それから程なくして、ノアが店の奥から出てくる。
少し涙目。寝起きのようだ。
「いらっしゃいませ。お菓子を買いますか?」
小さな足置きを移動させて、その上に登ると、オレを見上げてノアが言った。
「そうだね。えっと、全員分貰おうかな。

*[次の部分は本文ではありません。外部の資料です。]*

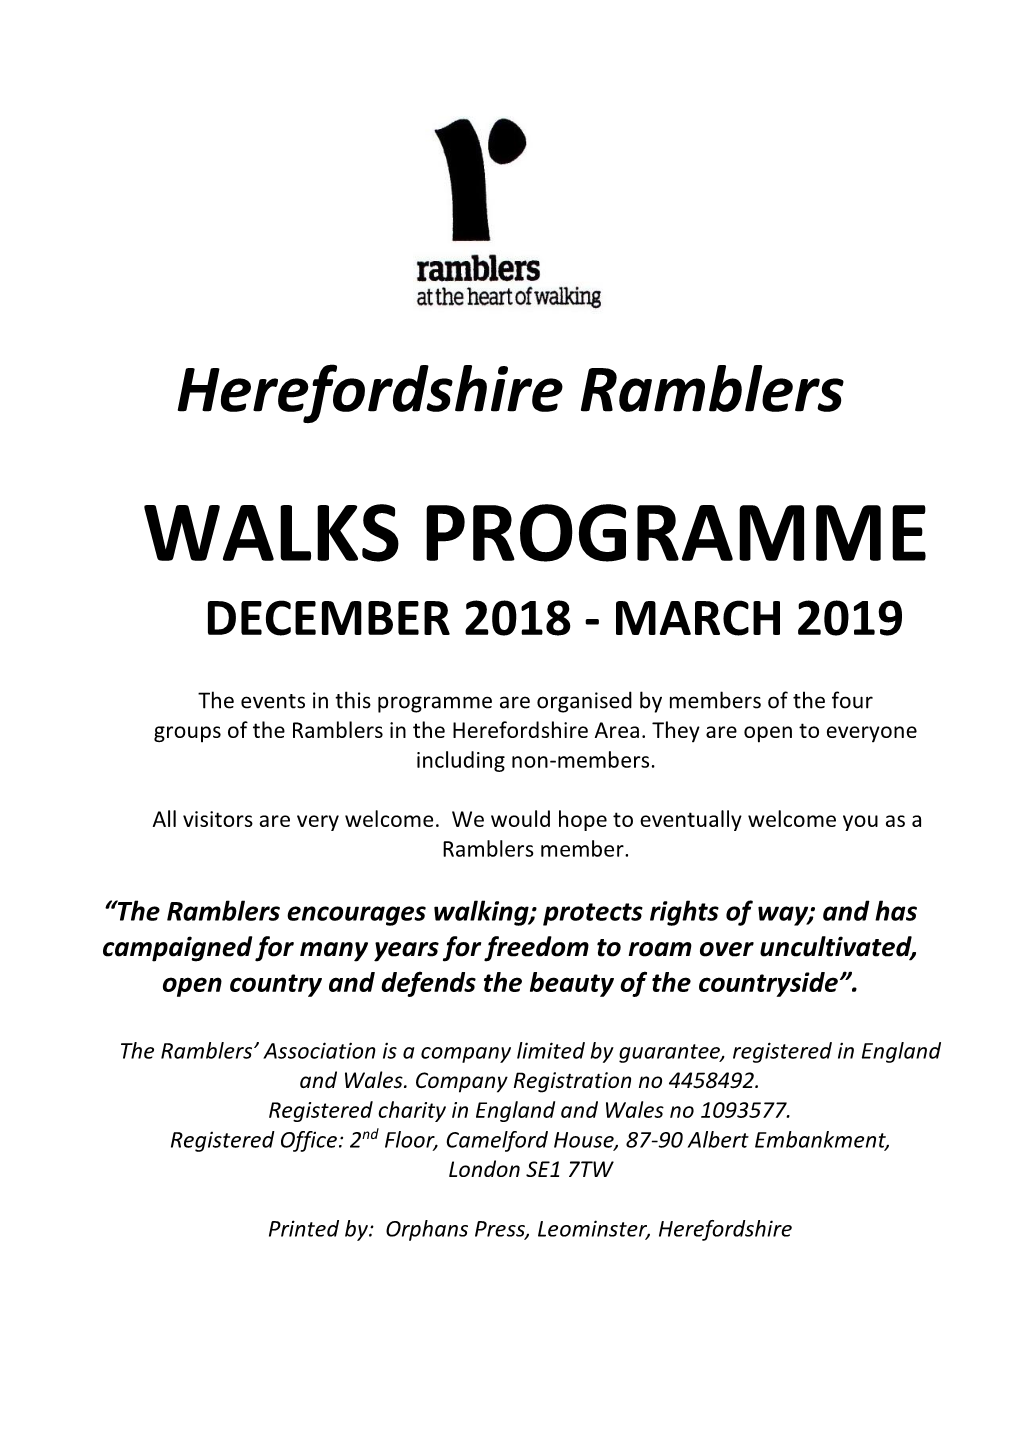 Walks Programme December 2018 - March 2019

オレ達と……いいや、残ってるの全部」
「えっと、全部で180……タムカ、です」
ノアが小さい指で、一生懸命数えた後、値段を教えてくれる。
計算速くなったよな。
「ちょっと待ってて」
財布から、帝国特有の銅貨をジャラジャラと取り出す。180枚取り出すのは面倒くさい。
「あのね。小箱に入れましょうか?」
「そうだね。お願い」
「あとね、銀貨2枚と、銅貨30枚で180タムカだよ」
ノアに指摘されて、そういや銀貨で払えばいいかと気がつく。
結構まごついたが丁度良かった。
お金を数える間に、ノアがしきりのついた小箱にお菓子を入れてくれた。
「はい。お金。丁度だと思うけど……」
オレは、ノアがせっせと小箱に詰めてくれたお菓子を受け取る。
お金をゆっくり数えて「ちょうどです」とノアは笑い、ギュッとお金を両手で握った。
「ありがとう」
オレもノアに笑顔で返す。
こうして、オレにとっての予選の日々は終わった。